How can you remember the color of your markers or crayons if you are colorblind? You can not, if you don’t use any trick which helps you to remember the colors they have.
The following reader question reached me a few days ago and points out this well known problem. Everybody suffering from color blindness will remember the time, when he had to use some kind of a system, when the marker box was to large to tell the different colors apart from each other.
My friend claims he is red-green and blue-yellow colorblind and said that as a kid had to put all of his markers back in the box in order so that he would know which color was which in school. I know the receptors in the eye are red, blue, green, and yellow? So can he see any color at all?
I would like to split this question into three different parts, each one covering a one part of the above statements.
He is red-green and blue-yellow colorblind. To chance to suffer from both types of color blindness at the same time is very very very low. If you really suffer from blue-yellow and red-green color blindness, you will definitely mix up a lot of colors. But on the other side, even if you are red-green colorblind this doesn’t mean you only have problems distinguishing red and green but many different colors like: orange/green, blue-green/gray/purple, red/dark-green/brown, and more.
The receptors in the eye are red, blue, green, and yellow. Well, that’s not quite right. With normal color vision you’ll have three different color receptors which are most sensitive to blue, red, and green respectively. If you are colorblind, at least one type of color receptors is either missing at all (dichromatism) or the peak of sensitivity is displaced (anomalous trichromatism).

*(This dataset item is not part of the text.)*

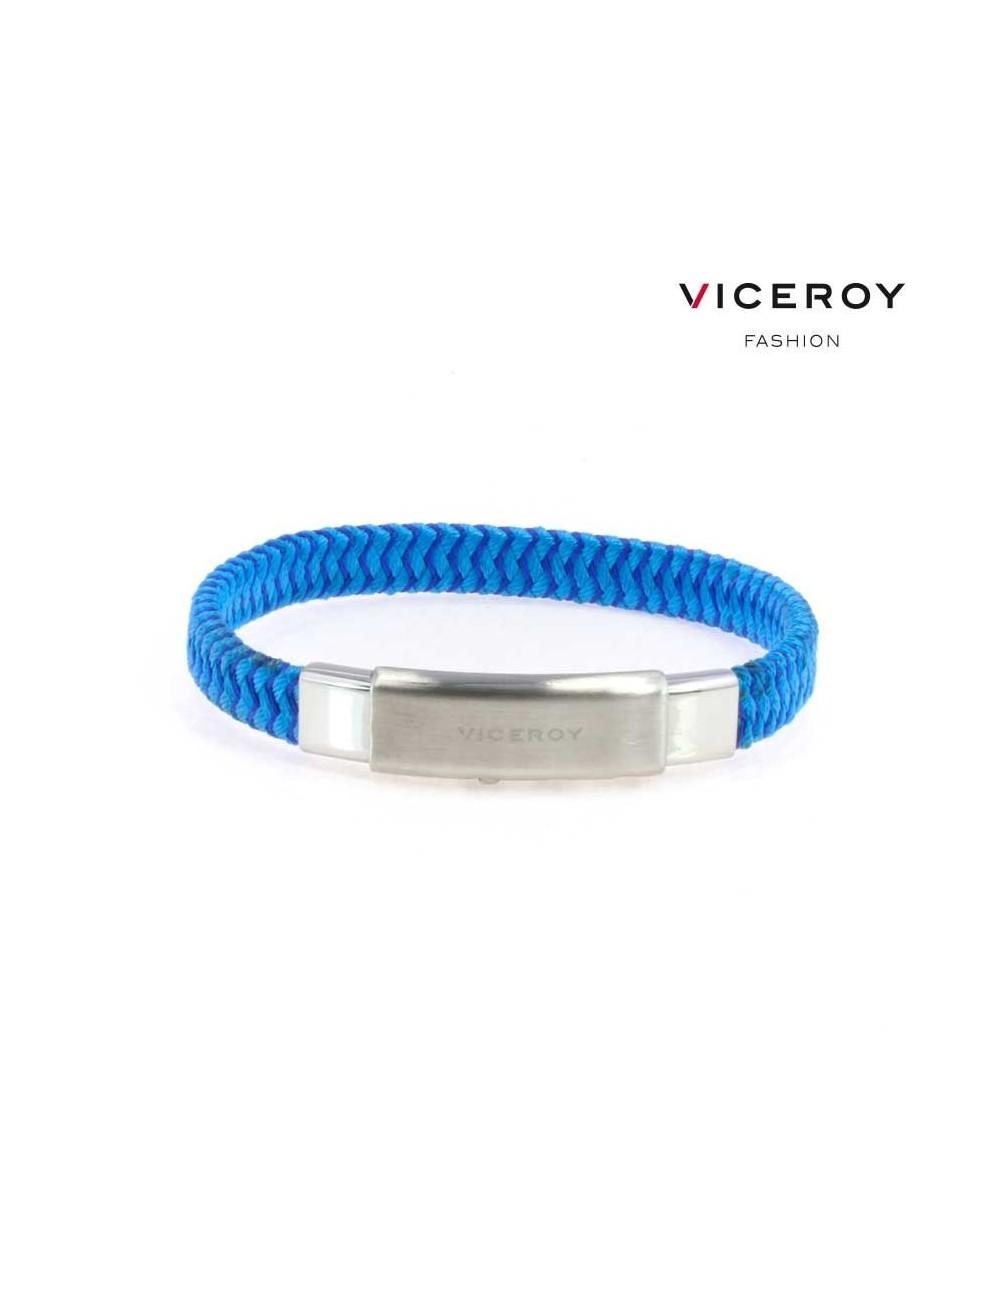 pulsera-viceroy-fashion-poliester-azul-unixex-6431p09013

So can he see any color at all? Yes, he can see colors and does not only precept shades of gray. There is only one exception to this, when you are suffering from achromatopsia (monochromatism). But as he can use markers he must be able to see some colors. When you are colorblind you still can enjoy a very colorful world, which is just less colorful compared to somebody with normal color vision.
So each one who is colorblind needs a trick to handle the problem of an oversized marker box. I also remember the time at school where I just knew by heart which crayon had which color. When I had to use the box of a friend of mine, I was lost. And unfortunately this doesn’t stop with marker boxes but accompanies you through your whole life.
You have to learn colors and remember them, again and again, and of course you get better when growing older. Don’t you?